Was buildest du da überhaupt? Plain Java Projekte? OSGi Bundles? PlugIns?
Lässt du ein volles Eclipse laufen, oder wie ist das zu verstehen?

Also für mich habe ich die perfekte Kombination für CI, Coverage, PlugIn Tests, Metriken,... gefunden in Hudson + Buckminster + Cobertura + Sonar. Extrem wenig Konfigurationsaufwand, praktisch keine Build Scripte und die Funktionalität lässt keine Wünsche offen.


----------



## H-Vollmilch (14. Apr 2009)

Hey,

sorry waren ja Feiertage...

Wir Builden normale JavaProjekte, 
Fürs Builden an und für sich läuft kein Eclipse. Die jars von Ant4Eclipse & Eclipse übernehmen die Arbeit ohne das ein Eclipse gestartet wird. Nur beim Solutionsbuilden, (da werden HTML Masken generiert und noch n paar Sachen gemacht und am Schluss alles gepackt) ist die einfachste Lösung Eclipse zu starten und mit dem StartupHook unser Plugin laufen zu lassen.

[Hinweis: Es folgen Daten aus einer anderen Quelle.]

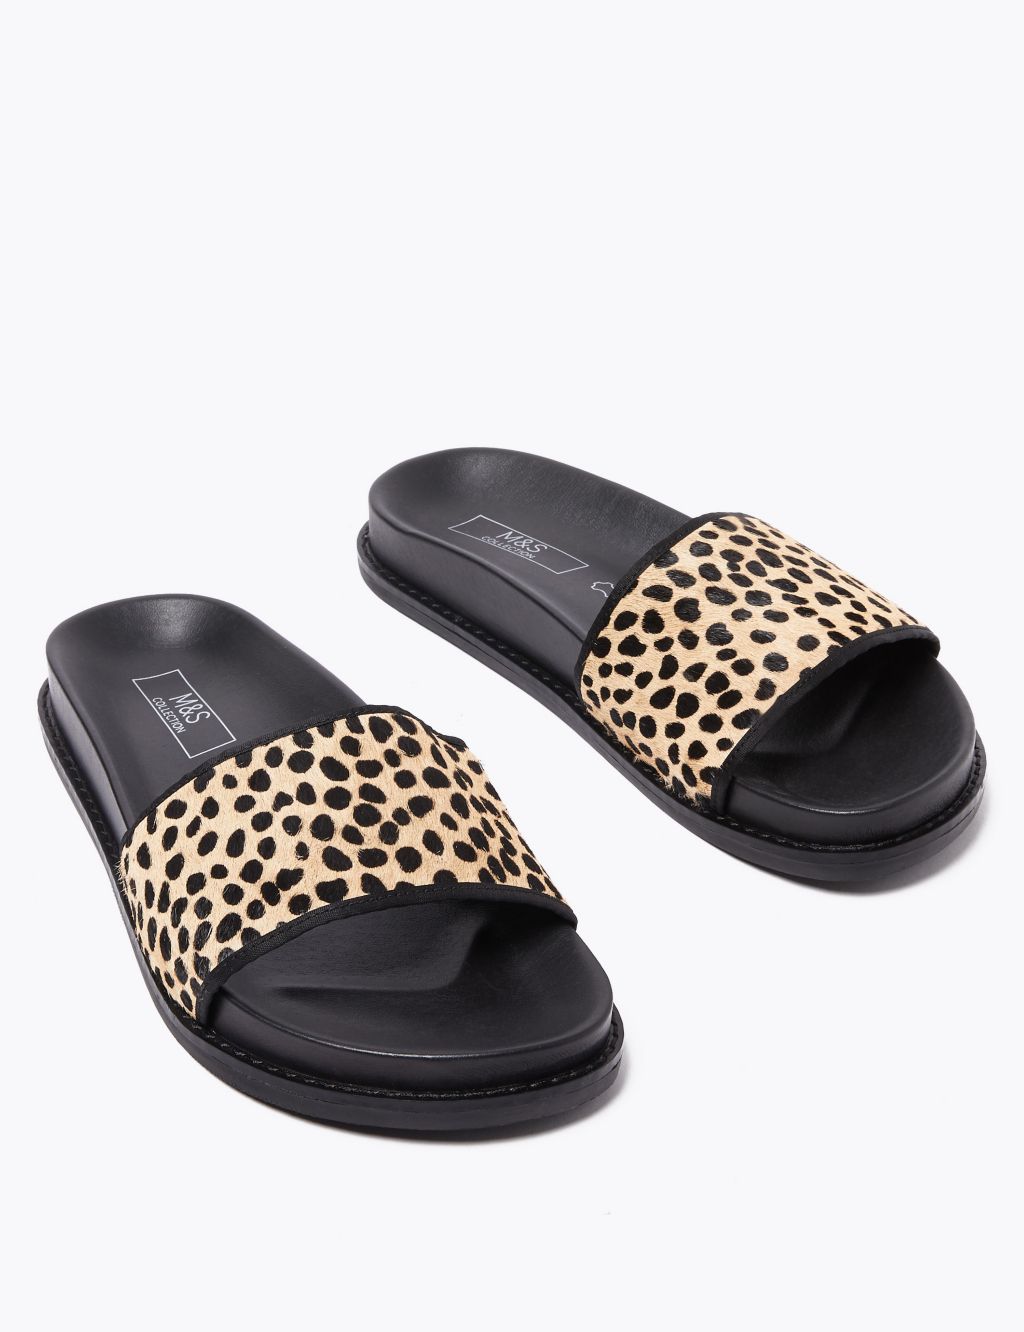 Suede Leopard Print Sliders | M&S Collection | M&S

Ich glaube die ganze Buildlandschaft über den haufen zu werfen steht mittlerweile eig. schon außer frage. Ein Teil unserer Produkte werden schon mit dieser Kombination gebuildet (allerdings ohne Solutionsbuilden). Ich glaube ich versuch mal das create() vor dem Pluginstart anzustoßen. 

Hab noch ne Frage, wenn ich im Plugin sage Project.build oder open, hängt Eclipse. Also er macht den Build und das öffnen aber Eclipse scheint zu hängen, obwohl ich dem einen eigenen Job verpasst hab.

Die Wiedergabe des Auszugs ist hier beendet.